В большом интервью «Белсату» известный бизнесмен Александр Муравьев рассказал, как шил трусы спортсменам, из-за чего приехал в Москву как австриец и был ли «новым русским».
— Вы рассказывали, что профессионально и успешно занимались спортом. Почему мы не увидели олимпийца Александра Муравьёва, который бы ездил и представлял Беларусь на Олимпиадах?
— Я попал не в ту армию: поступил в институт, и сразу меня забрали. С первого курса. Сначала загрузили в автобус, который шел в Афганистан [СССР вел в 1979-1989 гг. войну в Афганистане — Ред.] или куда-то еще, затем выгрузили всех и меня отправили домой. Успели оформить какие-то документы. Потом меня опять отправили туда. Первые шесть месяцев я был в учебке в Печах. Потом в Борисове в кадрированном [недоукомплектованном — Ред.] полку. Потом меня как-то вытащили в спортроту в Уручье… но прошло уже восемь месяцев. Естественно, на возвращение [в спорт. — Ред.] после восьмисячного перерыва нужно время…
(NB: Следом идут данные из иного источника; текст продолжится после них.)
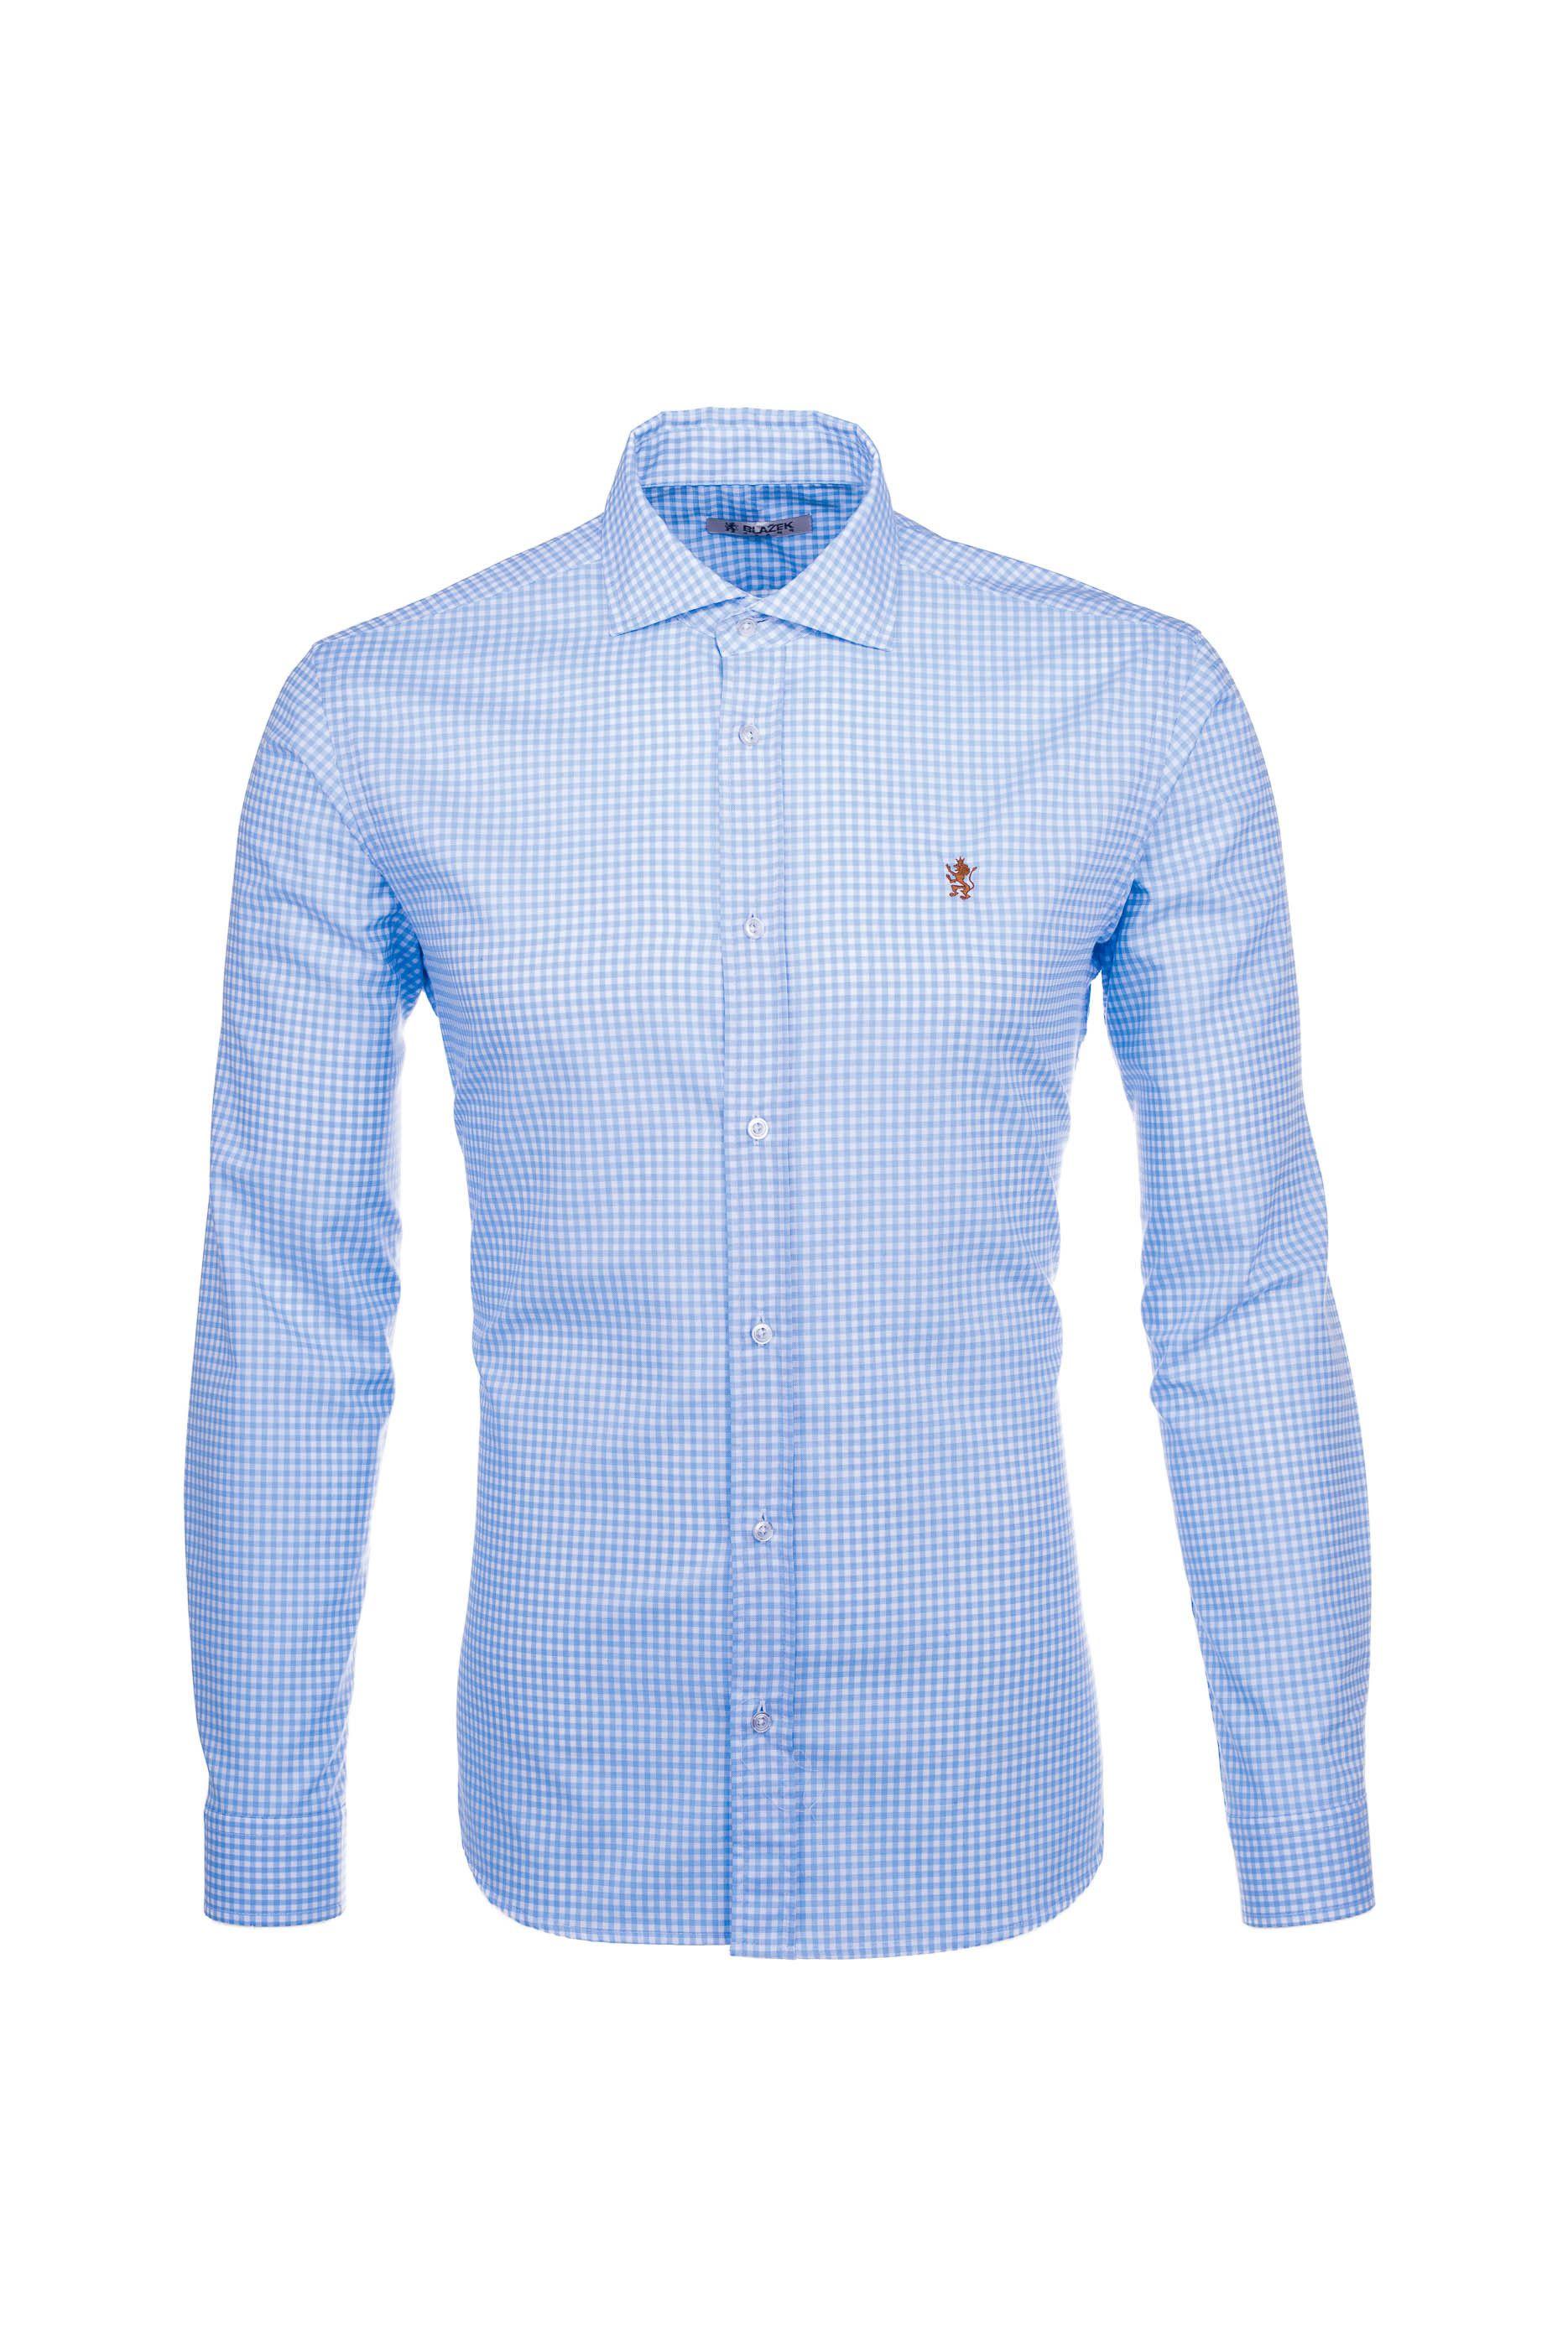 e61750f6ce6 Pánské košile Blažek Jeans

В 1986-м я вернулся и начал очень усердно тренироваться, попал в больницу с воспалением легких — переусердствовал, потом опять вернулся. Я очень четко помню соревнования в Беларуси, когда звучит «Старт» — а я не хочу, и все. То есть весь запал, который был во мне 10 лет, вся злость — их раз, и не стало. Я пробежал 10 метров, прыгнул в длину, толкнул ядро, подошел к тренеру и показал вот этот знак [показывает Х — Ред.]. Он посмотрел на меня и глазами показал: «Да». Этот день я очень хорошо помню.
— И что дальше?
— Это катастрофа была. Соревнования проходили в Стайках, я вернулся домой, понимая, что все понятные и логичные цели — что надо тренироваться, учиться, надо стать спортсменом, потом великим тренером или великим деятелем, — потеряли смысл. Я понял, что не выполнил первый норматив, а впереди еще два года института. Зачем в этот институт ходить? Это раз. Второе, спортсменам какие-то талоны на питание выдавали: четыре рубля в день, когда три, когда пять. Это какие-то карманные деньги, какая-то степень свободы, но и понимаешь, что снимаешь нагрузку с родителей. И я понял, что всё, надо что-то придумывать.
Я достал швейную машинку из подвала, разобранную. Помню тот день, когда папа пытался ее «электрифицировать», там разлетелись какие-то детали, ему это занятие не понравилось; я эту машинку собрал, восстановил, сломанные детали мой старший брат как-то приварил, недостающие где-то нашел, я ее отремонтировал и пошил спортивные трусы Adidas из отцовской нейлоновой рубашки. У меня были выкройки (в смысле, я мог делать копию настоящих) и я сделал тоже «настоящие».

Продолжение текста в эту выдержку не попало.